# First Business Card Draft, C&C please



## TylerF (Mar 22, 2010)

So I decided I am going to get some cards made. I wanted to do something a little fun as opposed to the usual uptightness i see often lol. let me know what you think! i can take harshness lol. its only a first draft


----------



## iAstonish (Mar 22, 2010)

Its too "Cartoony"


Maybe it would work if you were a clown? lol

But seriously, it just doesn't work in my opinion. I see where you're going with the less serious approach, but this looks like a joke.


----------



## astrostu (Mar 22, 2010)

Yeah, my first thought was actually a horror movie.  The font doesn't work, the colors are too bright, the layout is okay, the background doesn't make sense ...otherwise it's fine. 

I realize that we all have our own concepts of what's good design and "cool" looking and will sell ourselves, but to me that design says that you are not someone to take seriously.  Maybe a kid's birthday party, but I can't think of any event I would hire you for otherwise.


----------



## cnutco (Mar 22, 2010)

WoW... Just TOO much.

That is one way to be remembered.


----------



## TylerF (Mar 22, 2010)

I hear you guys.
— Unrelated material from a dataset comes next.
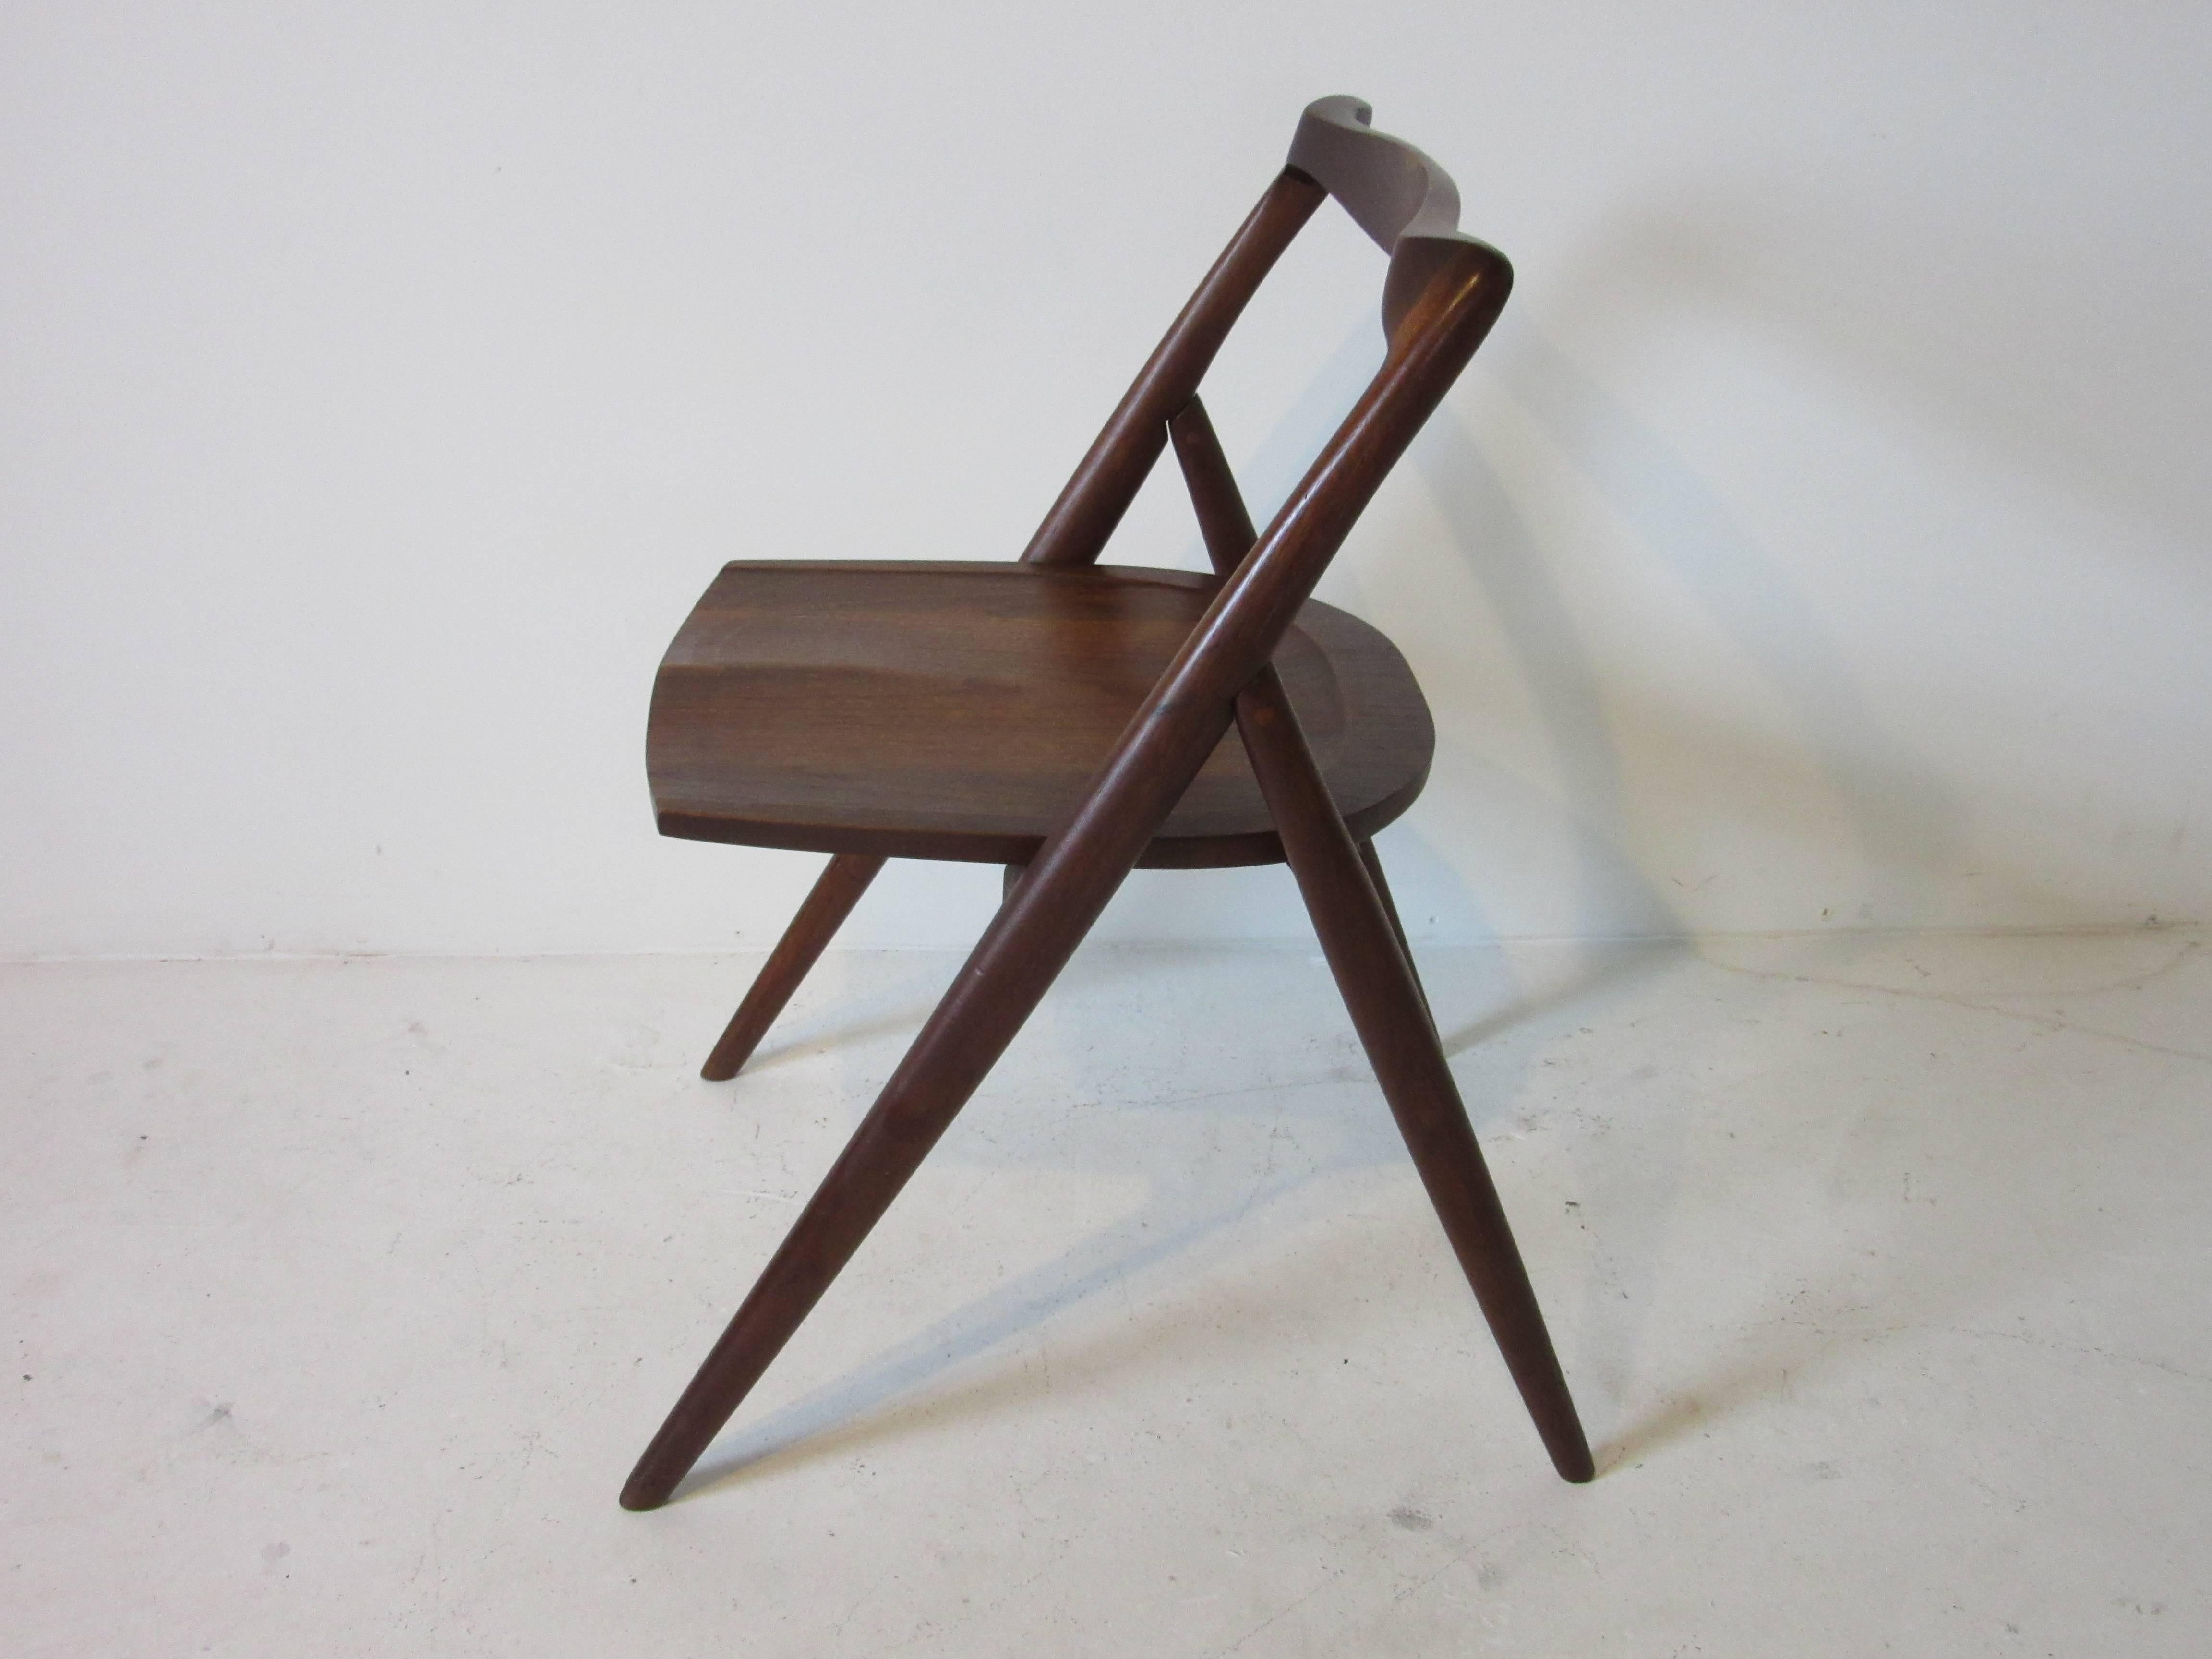 Une chaise sculpturale en noyer américain noir huilé, réalisée en studio à la manière de George Nakashima, conçue et fabriquée par l'Américain d'origine japonaise George Suyeoka, constructeur de meubles, artiste et écrivain. Vivant à Chicago, George

Thanks for the honesty. Last night at 2am it looked a lot better for some reason haha. But like I said its a first draft. I didn't expect my first one to be a winner haha. Now I had printed them first then asked for c+c, then I woukd be in trouble haha


----------



## ghache (Mar 22, 2010)

i would use this to filter my joints.


----------



## ThornleyGroves (Mar 22, 2010)

too much of a cartoon, look at mine!

Front.



Back.


----------



## BirdyIsMe (Mar 22, 2010)

I think the most important thing is for a business card to be elegant, and be a part of your overall "look".  Obviously, that card is hopefully not a part of your "look".


----------



## manicmike (Mar 22, 2010)

Like this...

[ame="http://www.youtube.com/watch?v=4YBxeDN4tbk&feature=related"]YouTube - Your business card is CRAP![/ame]


----------



## TylerF (Mar 22, 2010)

Thanks everyone. But I'm not elegant lol. And I want my personality reflected in my photography and business style. I like to have fun. I do think I took it to the extreme though


----------